You only get one shot at closing the perfect Series A deal. It’s the culmination of many months of hard work. So how do you get the best series A deal terms?

In this article, you'll discover:

  • Crucial points when negotiating Series A term sheets.
  • What to keep in mind when evaluating your Series A deal terms.
  • How to negotiate with an investor.

Preparing for a Series A closing

Series A funding introduces three new concepts in the final negotiation stages: 

  • Due diligence
  • Term sheets
  • Business valuation

1. Due diligence

Venture capitalists scrutinise your numbers and business metrics to validate their investment opportunities. This can happen before or after participating in partner meetings, but it concludes before you, and your investors agree to terms and close the deal.

What to expect and how to prepare for due diligence

Prepare a structured folder of your business documents ordered with headings and a detailed index.

What to include:

  • Corporate records
  • Detailed information on your business plan and financial statements
  • Intellectual property (IP) rights
  • Security issuances and agreements concerning securities
  • Material agreements
  • Any information about ongoing or pending legal disputes
  • Information about employees and employee benefits

See Y Combinator’s complete due diligence checklist for Series A funding.

2. Term sheets

What is an investor term sheet?

An investor term sheet summarises investment deal terms. It’s a non-binding document that serves as a basis for more detailed, legally binding records (also known as the stock purchase agreement). 

Investors issue a term sheet as a statement of interest to invest in your start-up.

Negotiating a venture capital term sheet

You won't have much time to negotiate the details of a term sheet. After receiving a term sheet from an investor, you'll be asked to decide within 24-48 hours

However, it’s possible to ask for an extension by saying you need more time to discuss with your professional advisors and co-founders. Remember to communicate how much extra time you need and stick to that commitment.

All term sheets come with 30-45-day exclusivity clauses, which prevent you from approaching other investors after signing. Your only moment to get competing offers from other investors is after you get the term sheet but before you sign it.

What terms should I discuss on my venture capital term sheet?

The most important terms to discuss are your economic and control rights.

Economic rights

You’re about to exchange shares for funding. But what impact does it have on future financial decisions? 

After a successful exit, how will you distribute the money amongst founders, team members, and investors? 
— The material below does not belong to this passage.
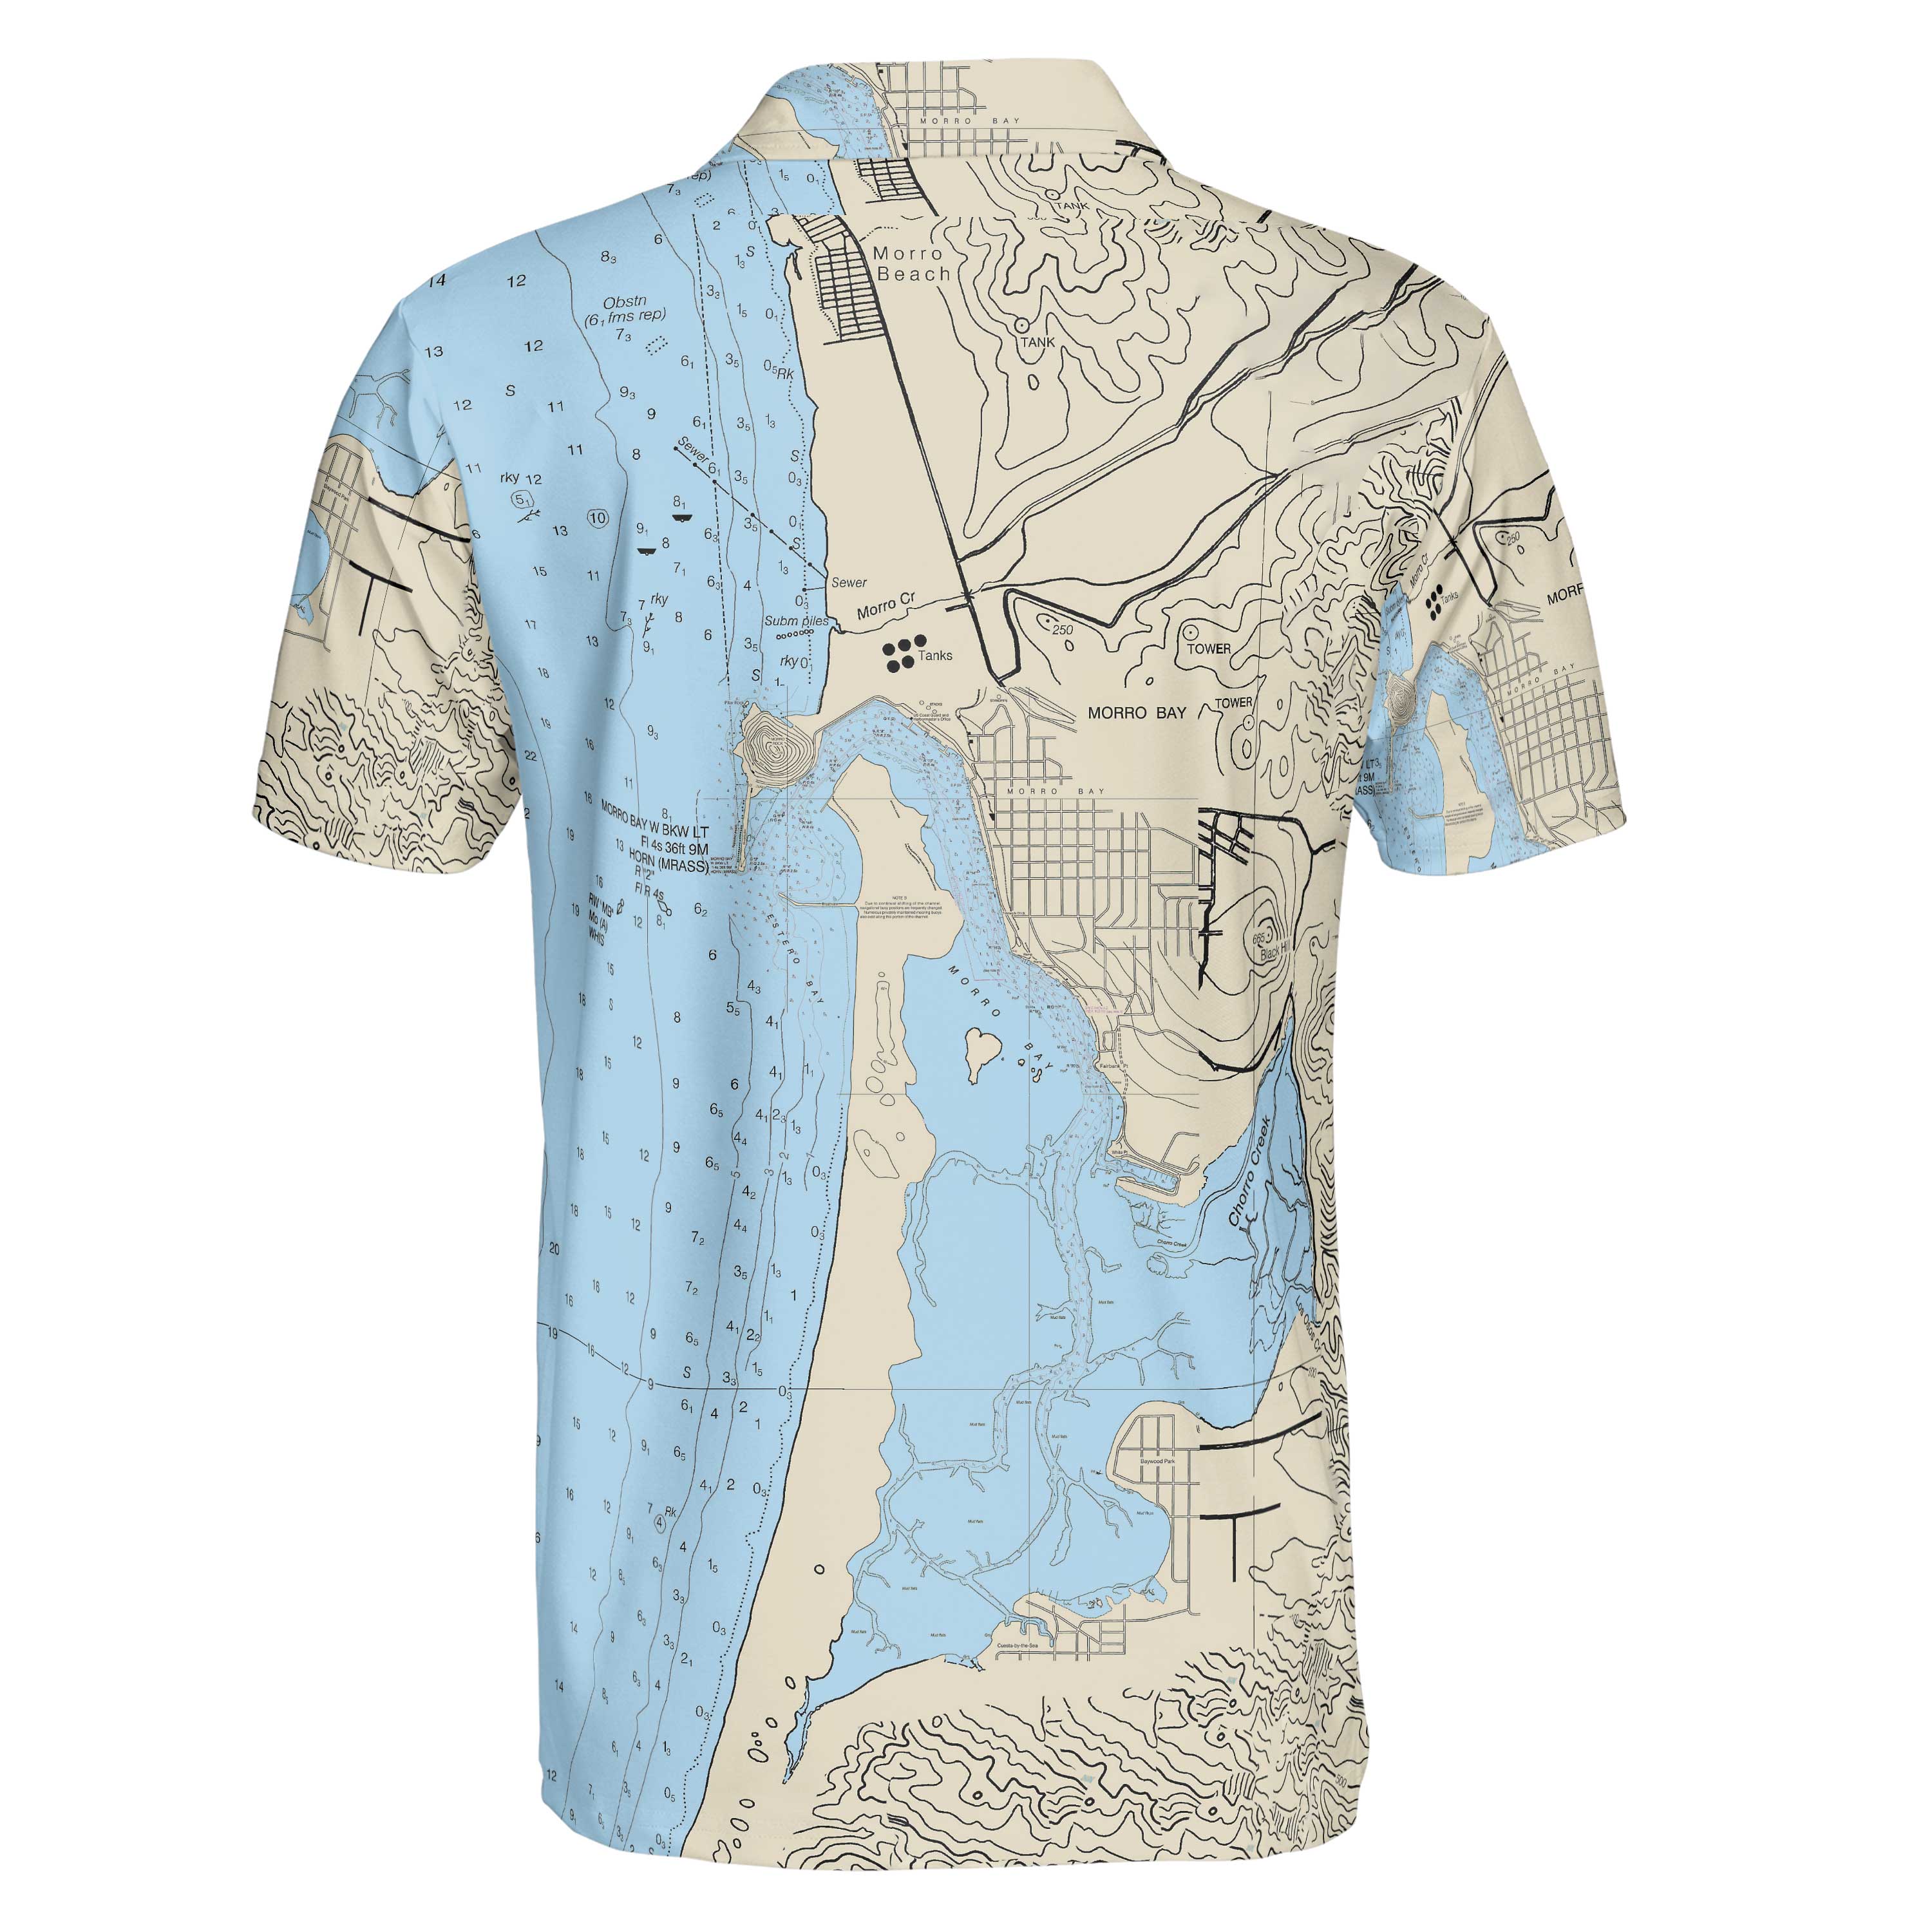 The Morrow Bay Navigator Polo Shirt
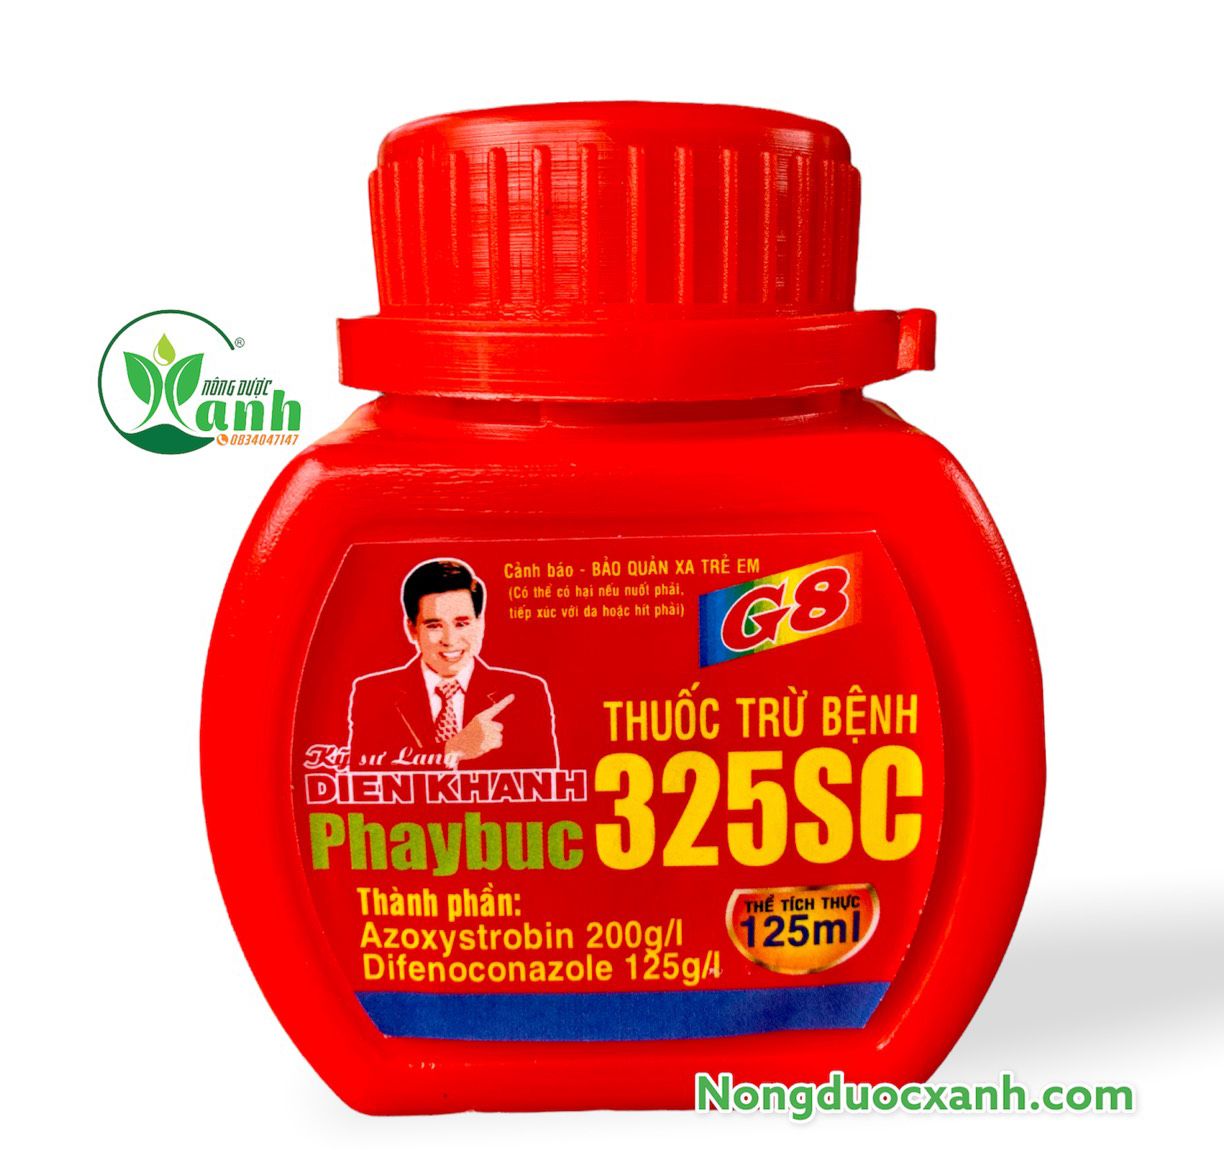  Thuốc Trừ bệnh Phaybuc 325SC  - Kỹ Sư Lang

Examples of economic terms:

  • Business valuation: An estimate of how the story and product of your start-up translate into dollars. It determines how much investors get for their investment and how big a share start-up founders give up during fundraising.

  • Liquidation preferences: How much an investor receives if your start-up company is closed and its assets turn into cash. The preferential amount is either equal to the investment amount or a multiple of it. Investors usually take priority over ordinary shareholders.

  • Anti-dilution rights: Rights protecting the value of a current investor's shares when your company raises money at a lower valuation than a previous funding round. (This is called a 'down round’).

  • Share vesting: Vesting means an investor or co-founder is rewarded with shares or stock options over time. They only receive the full rights to their allocated shares over a certain period or after reaching a milestone. Vesting incentivises founders to stick around for a period. A typical vesting period for Southeast Asia start-ups is approximately 3-4 years.

Control rights

The second part of the term sheet negotiation determines how much control investors will get.

Who has majority control of the company? How is the company board of directors structured? Is there an even split between the founder and investor-friendly parties?

Examples:

  • Board composition: Your board set-up influences crucial company decisions. Appointed investors (usually your lead investor) will want board representation. Founders need to be careful not to give up their company control (meaning they can't decide without investor consent).

  • Investor veto rights: Investors will want veto rights over specific company actions like acquisitions or decisions around share allocations. This means you need investor approval for these decisions.

Negotiate the scope of veto rights, especially those that influence the company's ability to raise future funding rounds, plan budgets, expand in other markets or hire critical people.

Think about streamlining the consent process, so it doesn't significantly affect your company's control.

Frequently asked questions about investor term sheets

What if I’m speaking to other funds when I get a term sheet from an interested investor?

When multiple investors show interest, you get to choose which investor is the better fit for you. But you need to deal with the situation carefully and responsibly.

Here’s how:

1. Inform other funds that you have a term sheet: Keep the firms that offered you the term sheet confidential, as investors will talk to each other.

2. Read and understand the offers to compare terms: Take the time to understand standard market terms, especially financing and employment terms. When in doubt, consult a professional expert for advice.

3. Ensure every term in your investor term sheet is crystal-clear and documented: Every point you make or negotiate must be written explicitly in the legal agreement. In your Series A funding, terms you agree on can follow you into future fundraising efforts. Take the time to get them right the first time.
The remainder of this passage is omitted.